EVPN-VXLAN: Symmetrical IRB versus Asymmetrical IRB
Photo by Kasturi Roy / Unsplash

Now that we've covered the two flavours of IRB in depth, I want to share more of a discussion piece. Technical details are interesting, sometimes even fun, but what about real-world operational considerations?

"Everyone has a plan..."

Viewing the intimidating assortment of pikes, swords, sharp, and bashy objects in the Tower of London armoury during a recent visit, I was reminded of that Tyson quote "Everyone has a plan until they get punched in the mouth."
My train of thought was, "being a knight riding around on horseback would be fun and all until an encounter with a big stick with a pointy metal end."
Similarly (or maybe not similar at all, but I hope you get where I'm going here), playing around with the various types of IRB for EVPN has been enlightening and, at times, fun; but what about on a real-world network with its everyday concerns and risk of outages - the pokey, hurty things in my analogy.
What works on paper might not be feasible on a live network, when the focus is primarily on reliability and deploying networks that the NetOps team can realistically support.

Symmetrical IRB - it scales, but at what cost?

If you've read over my post about symmetrical IRB, it should be apparent that the whole deal with this approach is scalability.
All the RT-5, EVPN Router's MAC, extra BGP address-family config; it is all so that the VTEPs do not have to carry information about the destination L2 networks. That keeps the tables sizes down, and allows for greater scale.
Now, that does sound like a good thing, and, for some, the ability to scale
will be a major consideration when deploying EVPN.
However, this might not be the deciding factor for others.

But it isn't all good news.
Looking over symmetrical IRB, there are, as mentioned, even more details to learn and look ups to be aware of.
To unlock scale, there is a cost in terms of more burden upon the NetOps team. Their processes and quick-recall knowledge about the network (for 'middle of the night' troubleshooting) now needs to encompass deep understanding of an EVPN table of RT-2, 3 and RT-5s. To understand what it means to see, say, just RT-5s when users complain of loss of comms to a remote site; to understand what on earth that L3VNI is doing.

Asymmetrical IRB - not just the poor cousin.

Thus, with the considerations about scale in mind, asymmetrical IRB might actually 'do the job' for some deployments.
With this design you avoid piling more technical details onto an already complex technology.
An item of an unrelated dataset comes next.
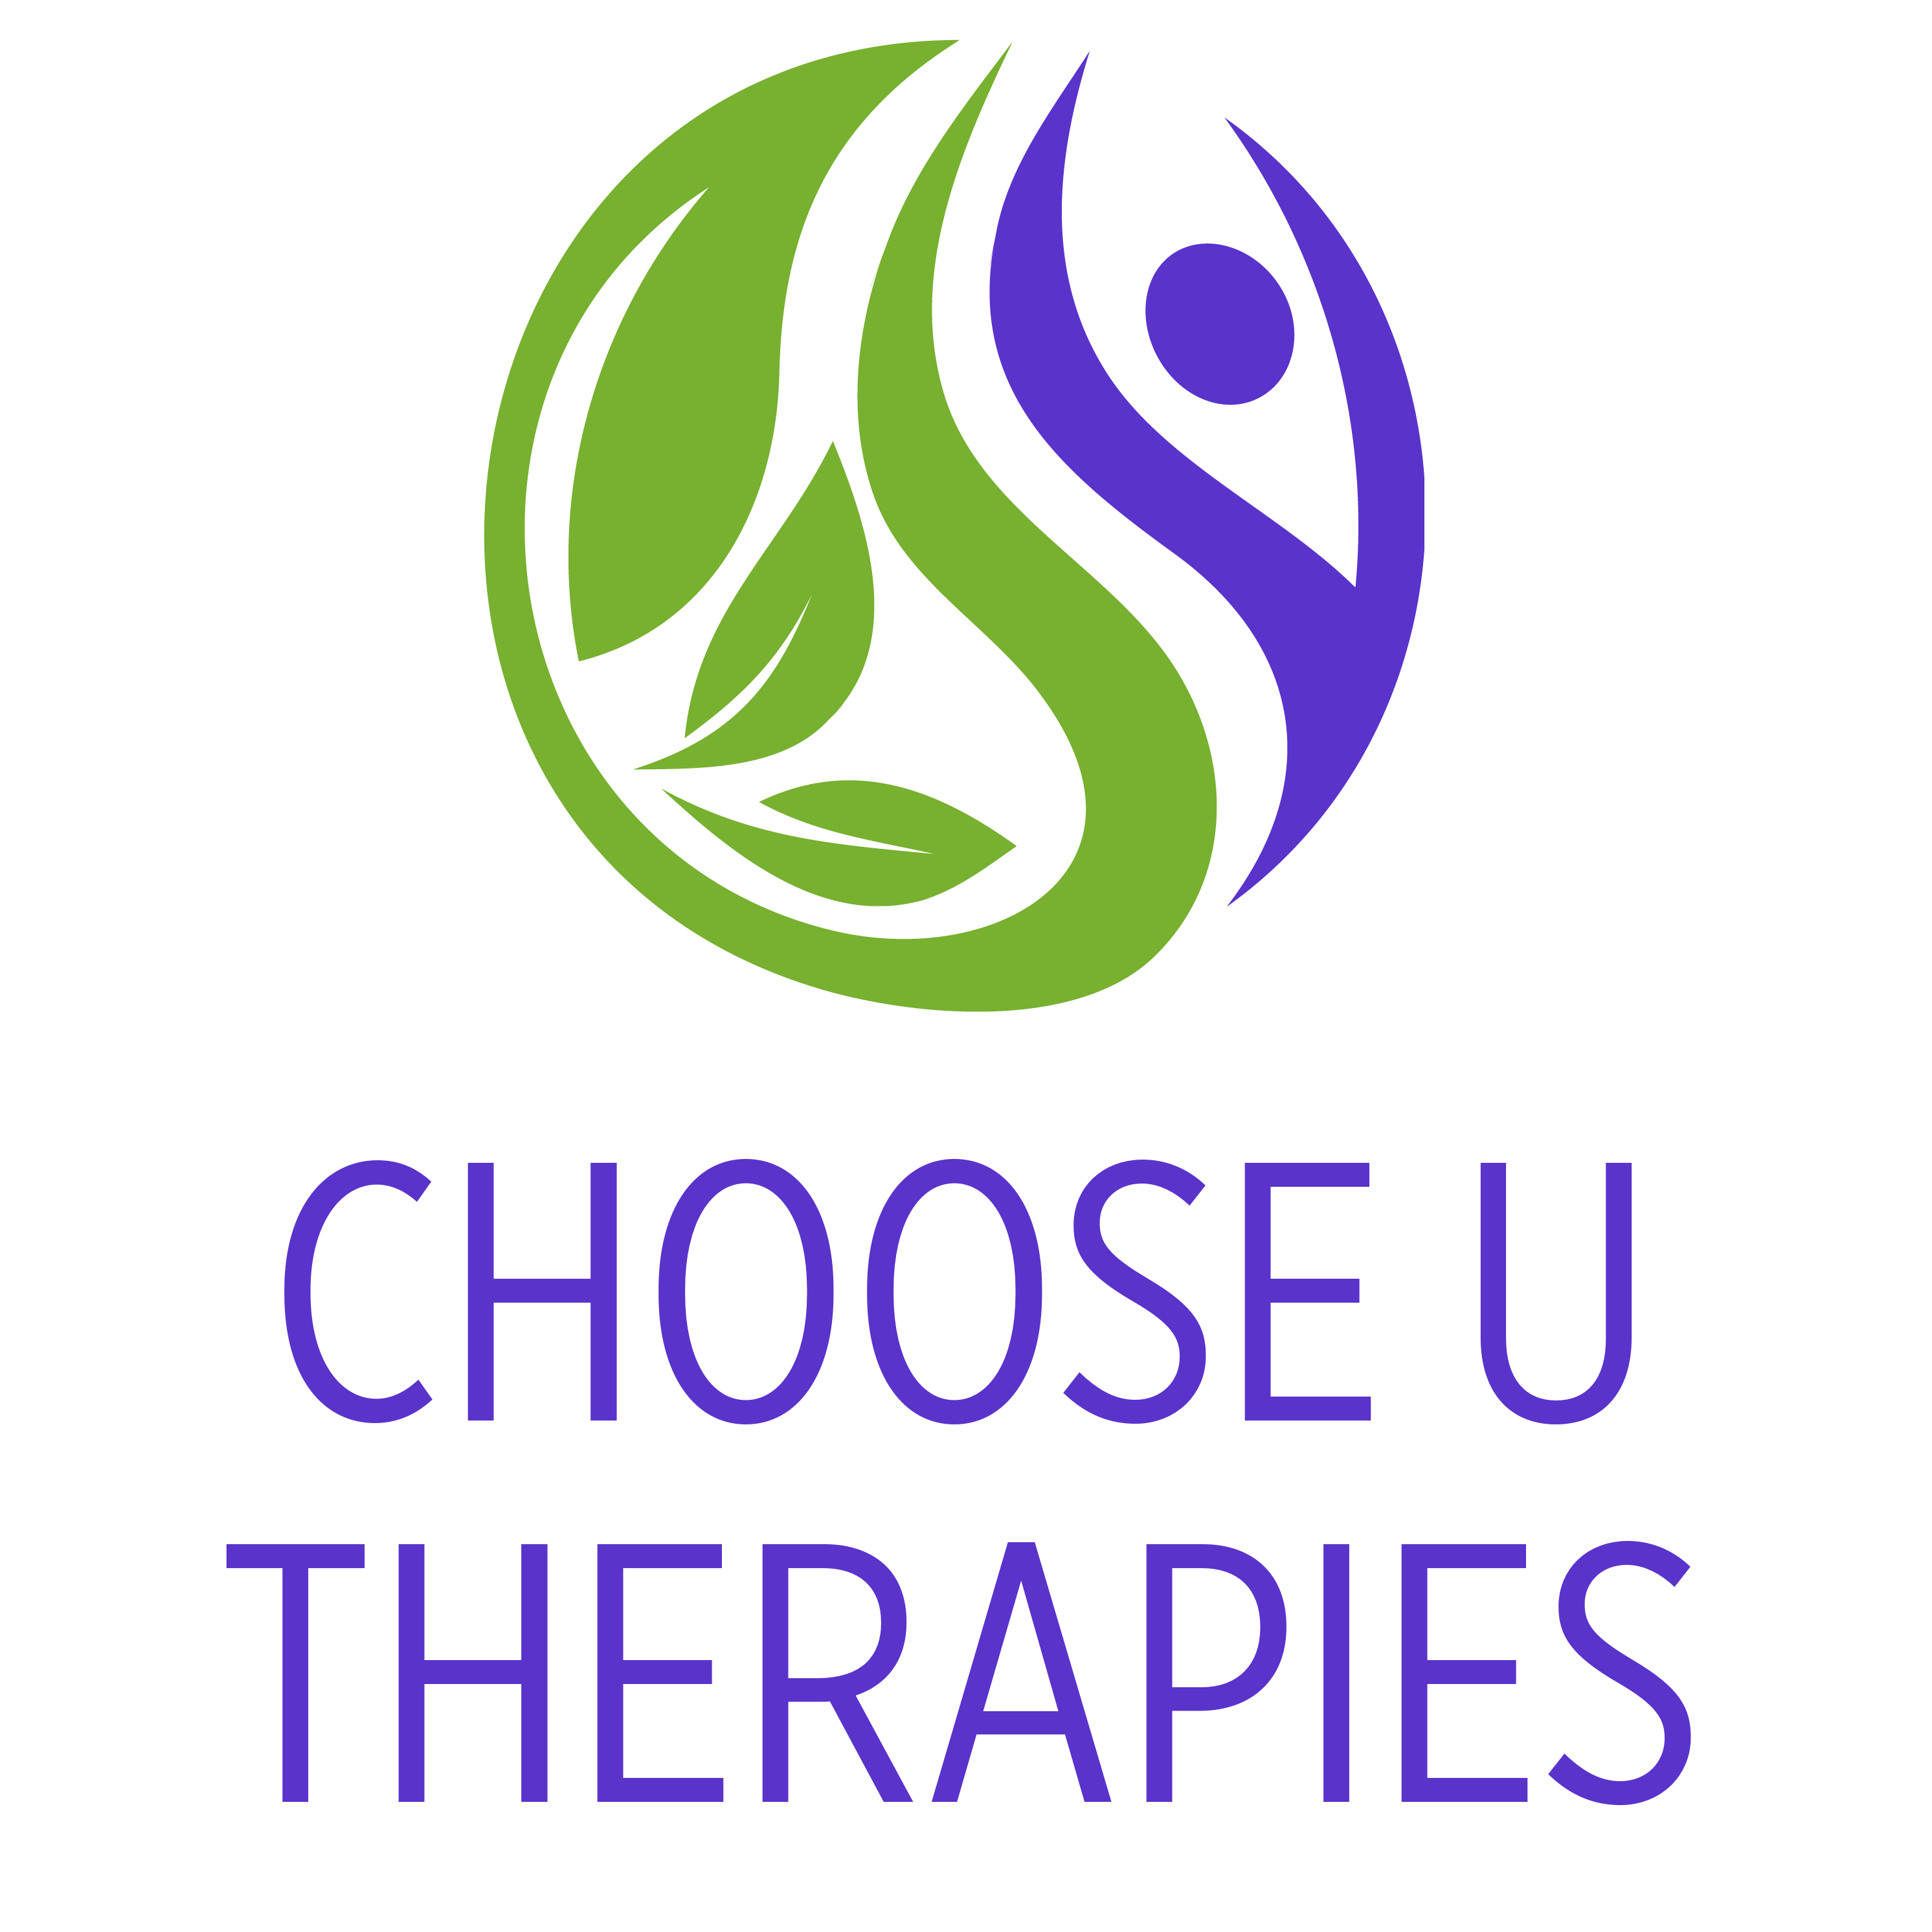 Choose U Therapies

No need to consider the somewhat opaque concepts of L2VNI versus L3VNI, just configure all VTEPs with all networks.
It certainly means that the NetOps troubleshooting processes can be a little more concise.
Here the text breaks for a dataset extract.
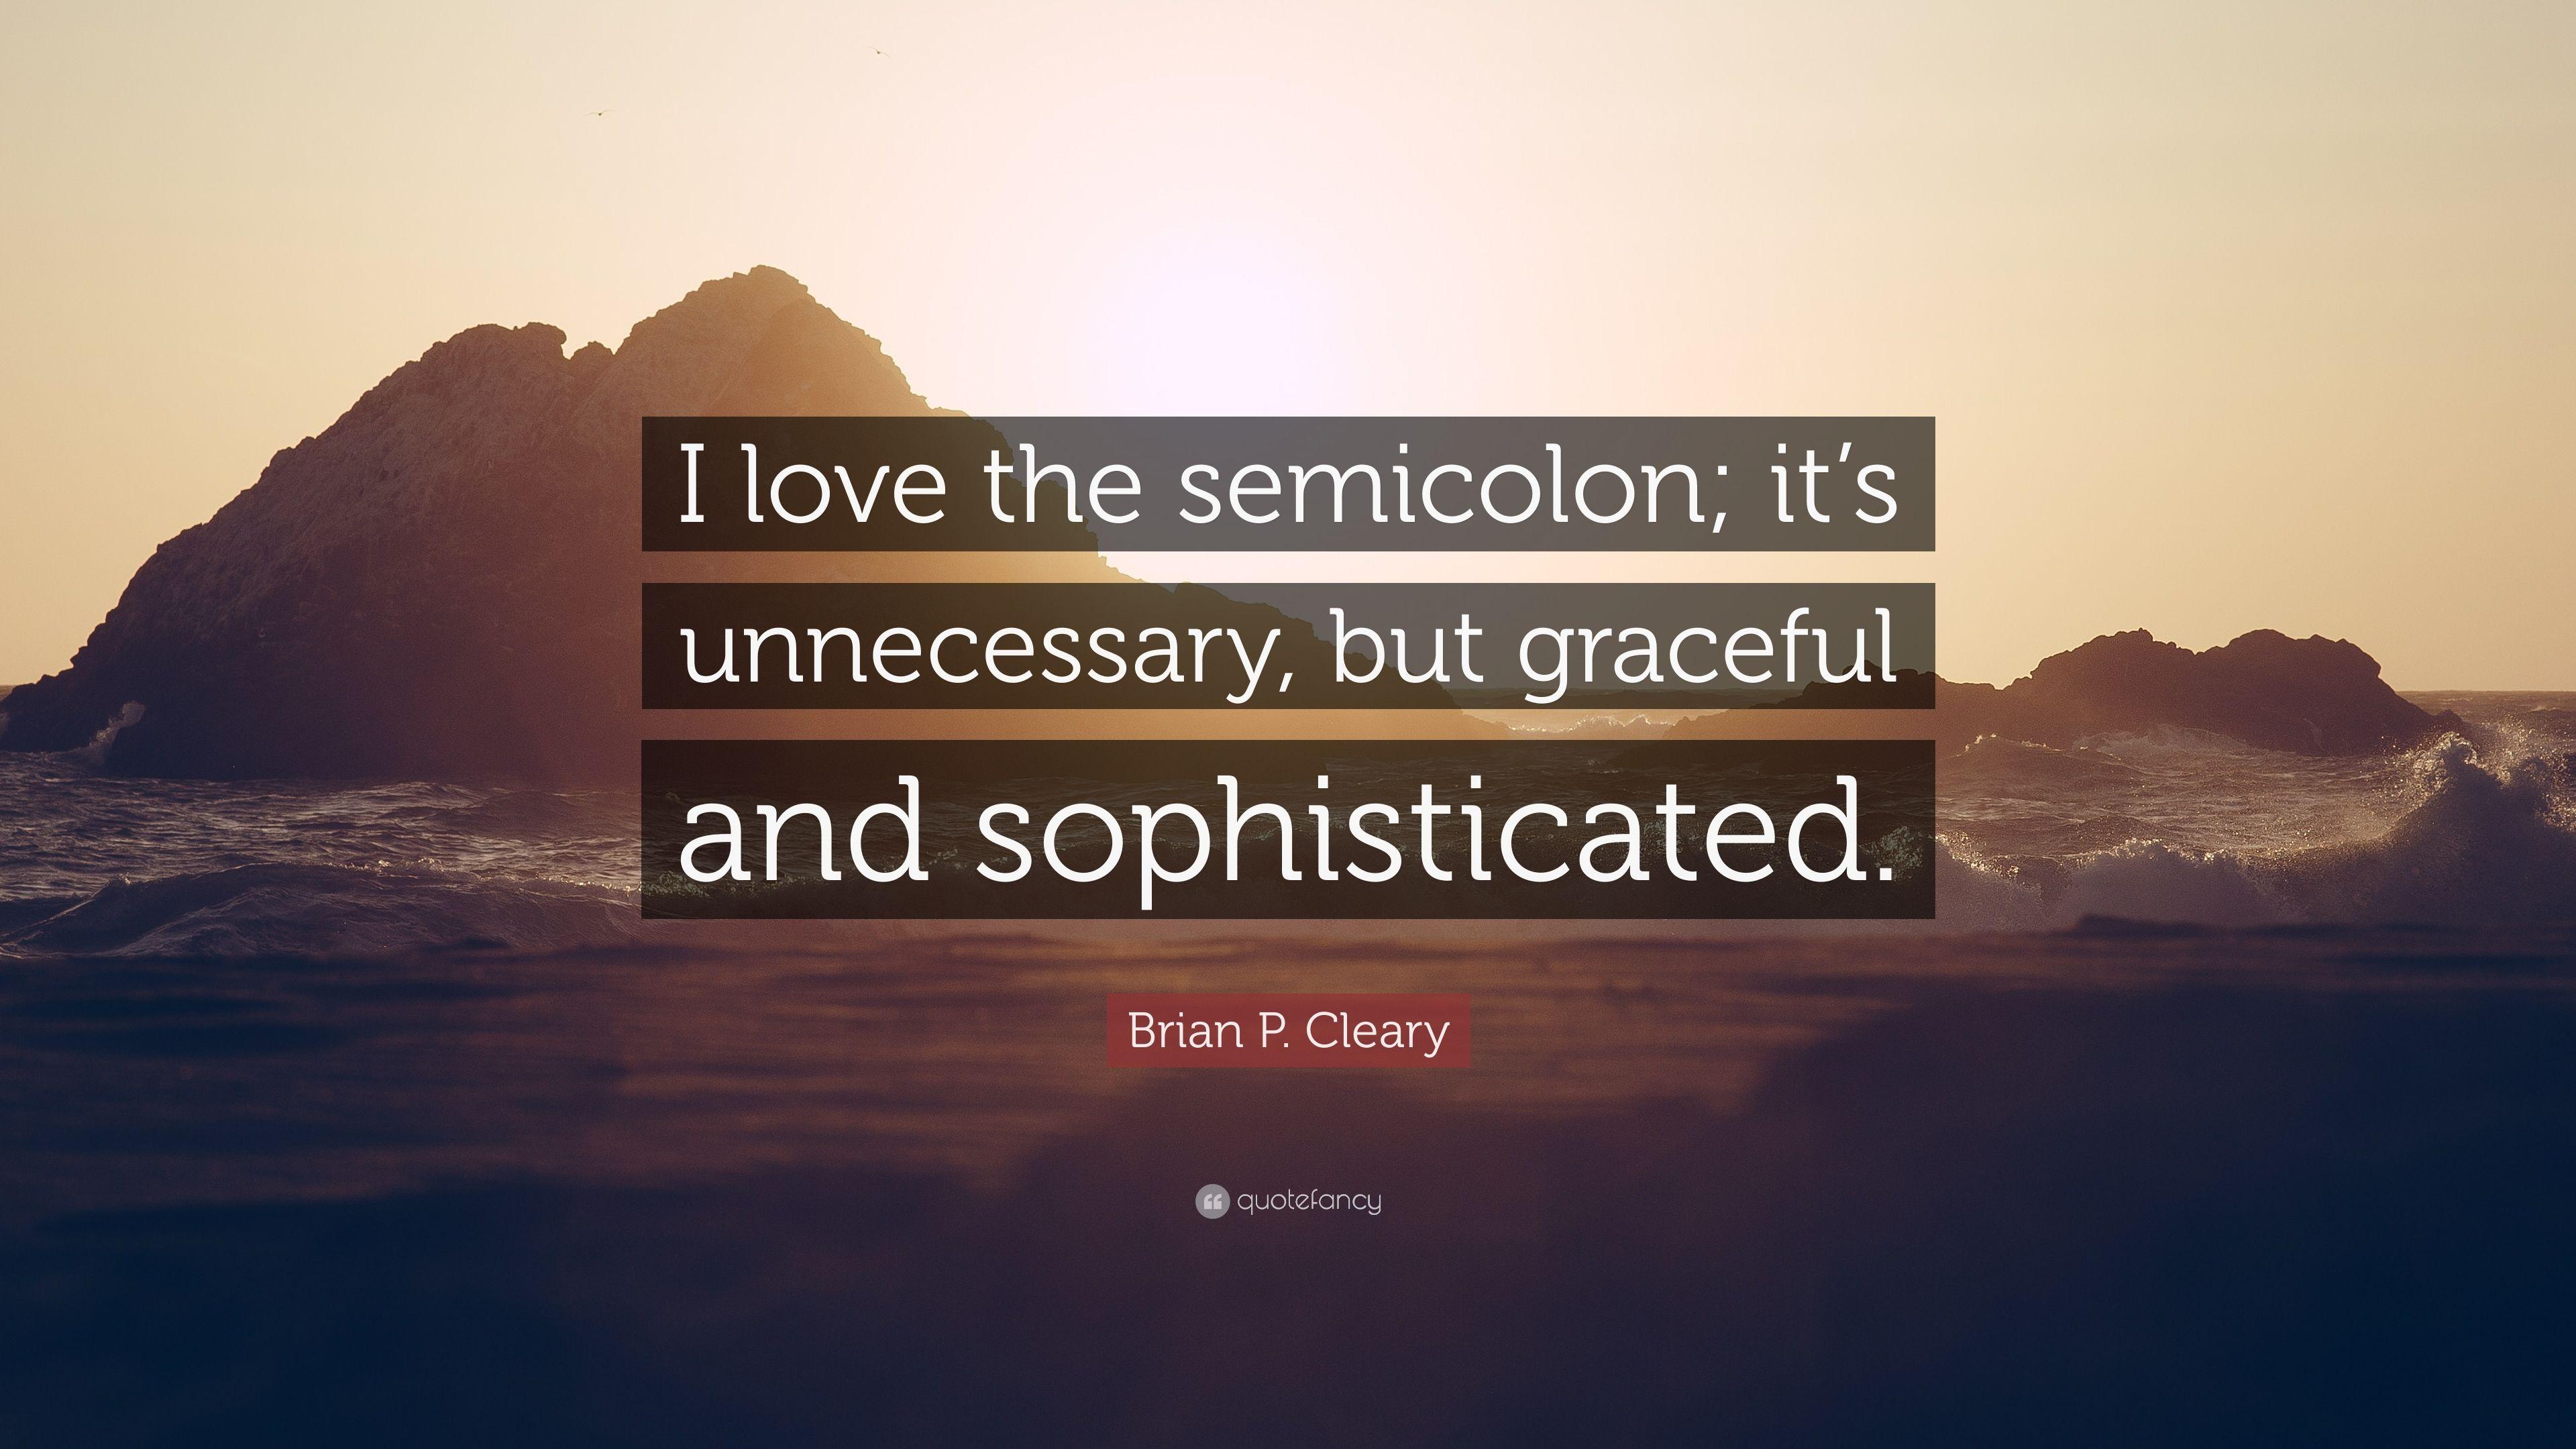 Brian P. Cleary Quote: "I love the semicolon; it's unnecessary, b...

That comment about L2VNI and L3VNI is not just a fatuous, throw-away line; I know from experience that this concept, in particular, has some experienced networkers quite confused when configuring EVPN.

The right tool for the job

It might seem like a obvious thing to say, but it is worth reiterating, sometimes the most 'bright and shiny' of the new technology might not be the best fit for the customer.
I experienced this first-hand during one of my very first EVPN technical presentations. Brimming with enthusiasm for elegance of symmetrical IRB and its various knobs to alleviate the network engineer of the burden of a high config file line count, and free up precious cache resources - I was initially surprised when the lead engineer in the audience declared a preference for asymmetrical IRB.

Why?

The line of argument for asymmetrical IRB was that it would enable uniform configuration files across their networking estate. Each VTEP would have all the necessary VLANs from the start, no need to worry about which VLAN to configure against what device.
The engineer, with their eye for process rather than just new tech, was viewing the choice with a different set of priorities to my own, and the following discussion was all the better for it.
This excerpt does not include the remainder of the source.